The following addresses some of these limitations by the introduction of additional models that are applied before the actual decoding of the watermark. Furthermore, the computer-implemented method for detecting and decoding watermarks stored within images should be able to run on a smart phone such that the required computation power is removed from central servers and complexities due to GDPR can at least in part be avoided by the central servers do not receive the watermarked image.

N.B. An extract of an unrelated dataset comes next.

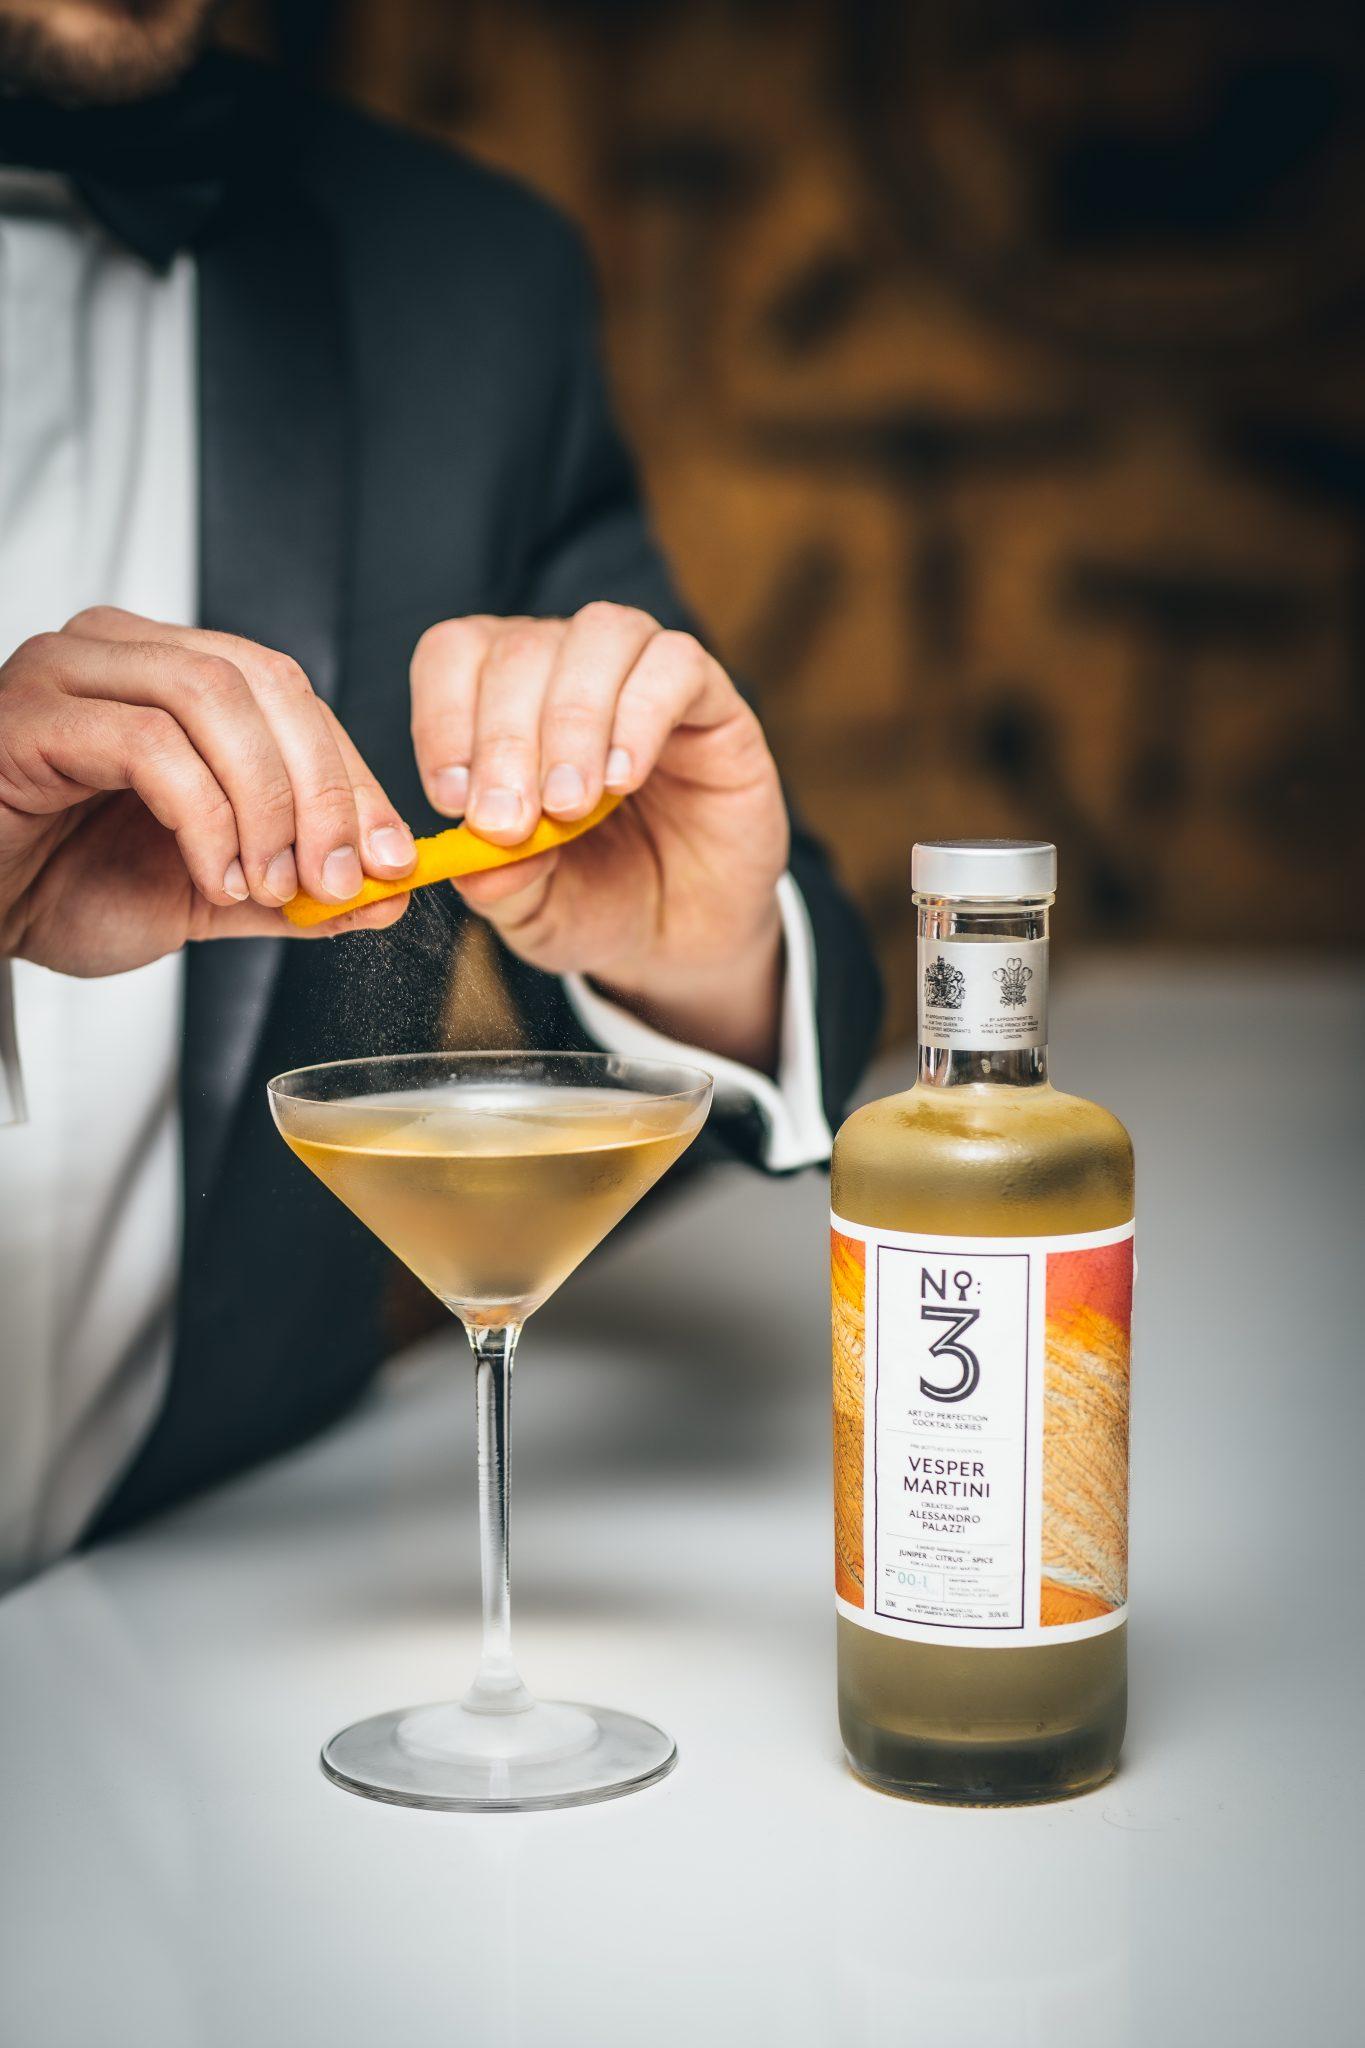 No.3 Gin Vesper Martini DUKES portrait| Photo: @lateef.photography

The payload of the watermark may include a digital identifier, which can be coupled to an owner of the original image and/or to a specific recipient as described in patent application US20240330490A1, wherein a central server has a database of additional information linked to images via the digital identifiers.

SUMMARY

An aspect relates to a computer-implemented method for detecting and decoding one or more watermarks stored within one or more watermarked regions of an image

An aspect of embodiments of the invention is achieved by a computer-implemented method for detecting and decoding a watermarked image, the method comprising

    • obtaining the watermarked image;
    • determining an orientation of the watermarked image by processing a first trained data-driven model, wherein the watermarked image is fed as a digital input to the first trained data-driven model; and
    • aligning the watermarked image in accordance with the orientation.

Images can be manipulated and/or altered. In particular, watermarked images may be rotated with respect to their original or previous orientation. When this happens, retrieving information on the original or previous image can be difficult. For this reason, it is important to transform the watermarked image to restore it to its original or previous orientation.

According to some embodiments, after the aligning step, the method comprises the step of decoding the watermarked image to obtain a payload of the watermark of the watermarked image.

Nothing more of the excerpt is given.